Mirzya: ambitious tale of star-crossed lovers is a letdown

October 07, 2016 03:56 pm | Updated November 01, 2016 11:37 pm IST

The new retelling of the old love legend of Mirza and Sahiban experiments with form but dissuades itself from questioning the underlying feudalism in the story

Director: Rakeysh Omprakash Mehra

Starring: Harshvardhan Kapoor, Saiyami Kher, Anuj Choudhry, Anjali Patil, Art Malik, K.K. Raina, Om Puri

Run time: 129 mins

Rakeysh Omprakash Mehra’s Mirzya is a victim of some legitimate expectations than a prey to Sahiban’s perceived betrayal. Why did Sahiban break Mirza’s arrows? If this was the big central question that Mehra went about exploring in his reinterpretation of the Punjabi love legend then, for all the hope he kindled, the film doesn’t quite come up with any startling revelations, nor does it offer a radical, modern understanding of the tale. In a sense, without tinkering with the popular beliefs and hearsay, the film merely places the age-old story in new realms and periods — the primordial, elemental past of Mirza and Sahiban and the contemporary (and rather convenient) Rajasthan of Suchi and Munish (Harshvardhan Kapoor and Saiyami Kher); the expanse of snow against that of sand; the bow and arrows against the guns.

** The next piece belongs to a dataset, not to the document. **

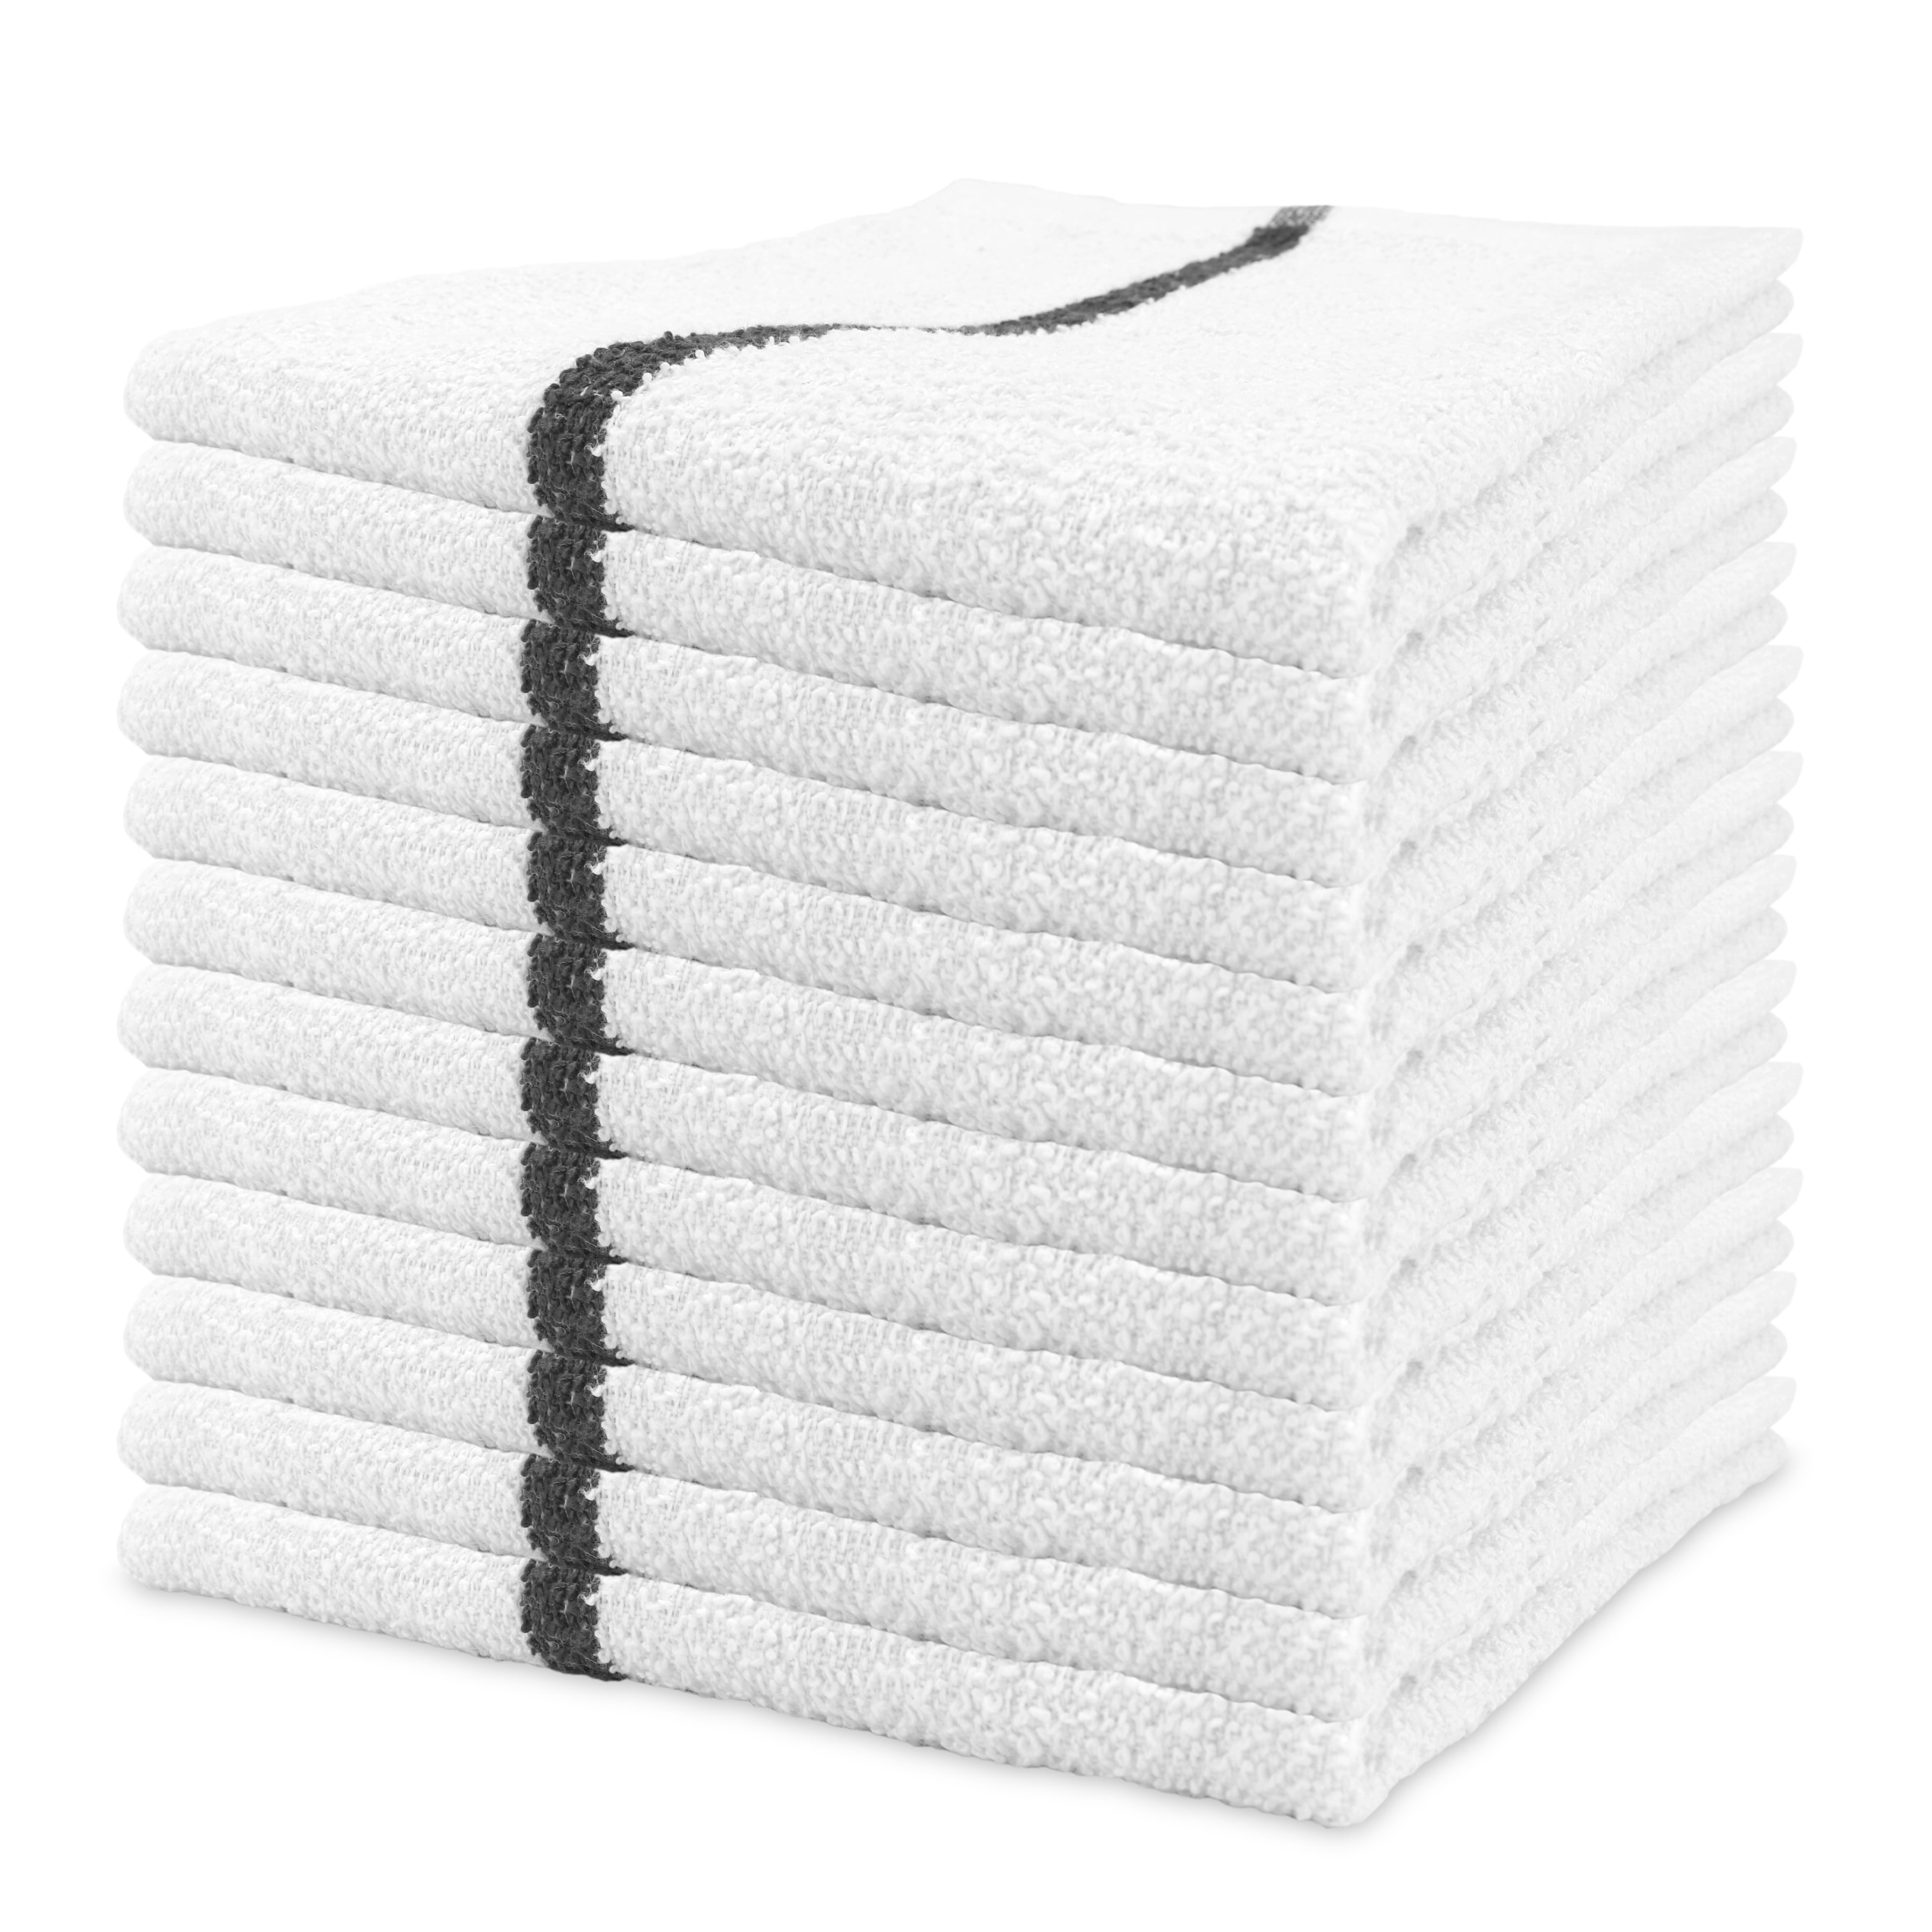 QUBA Linen - Bar Mops Towels, 12 Pack Premium Quality 100% Cotton, Size  16x19 Highly Absorbent and Multi-Purpose Cleaning Rags - Terry Towels for  Home

The film doesn’t aim to question or break down the underlying feudal construct and the power tussle over the woman inherent in the story; in any love story for that matter. It just accepts it as a given. Of course, this may be the reality even today in the times of khap panchayats and honour killings but some amount of renegotiation is what one would have expected in a retelling. Revisiting the folklore then becomes more like the scaling of a great visual ambition rather than an engagement with its core, more cosmetic than far-reaching. The usual sense of loss that permeates most tragic love stories is implied; the passion, intensity, fervour, anger, protest get scattered.

The feudal bent and hierarchies are gently maintained — the commoners against royalty, faithful servants, the colour divide (the fair princess against the dusky daughter of the ironsmith). The woman is spoken of laughingly as saamaan (possession) early on in the film; a property in the tug of war of male chauvanism. All this bothers because Suchi does come across as the bigger and far more interesting player in the drama — bright, whimsical, impetuous, fickle, a bit like Maya from writer Gulzar’s own Ijaazat (1987). Unlike Mirza, who turns curiously passive after one extreme, incomprehensible act of aggression, she is the initiator of things. The conflict between her family and the lover is not the only deal. She is also a woman in love with two men. How does one love walk away so easily from her heart one day? How does another step in so quickly? I urgently felt like hitting the pause button for the narrative to stay on with these predicaments a bit more, for the woman’s desire to get more play. Alas!

There are two other characters who share interesting dilemmas and conflicts. Karan (Anuj Chaudhry), the prince Sahiban is betrothed to, who loves her deeply to even put his life at stake but can’t quite reconcile with her affections for another man. Or Zeenat (Anjali Patil) who Mirza claims knows his rooh (soul). Then there’s the shared love of these two women for him. Yes, it’s all complicated and one keeps longing for these complications to get explored further but they get side-stepped. The four youngsters deliver within the confines of the film but Art Malik gets grossly miscast as the Shakespeare spewing cop father of Sahiban, the anglicised accent out of place and jarring.

At another level the most interesting and compelling bit about Mirzya — its musical structure — also becomes its undoing. The film plays out like a highly stylised, spectacular Broadway musical, it’s as though you are witnessing larger than life theatre on a 70 mm screen. One that can be very lush and absorbing for some (I was enthralled) but also distancing and isolating for most. So the scenes and dialogues get abridged, plot movement becomes abrupt, the dramatisation makes way for the songs to take the story forward. You can actually see the film in its soundtrack alone. It remains the mainstay and takeaway from the film. It’s a pity then that despite so much happening, so much aspired for in the film, in the end you don’t feel as though you have come back with something substantial. As in each of his films Mehra is not content with the usual, is highly ambitious with his craft but doesn’t quite hit the target here.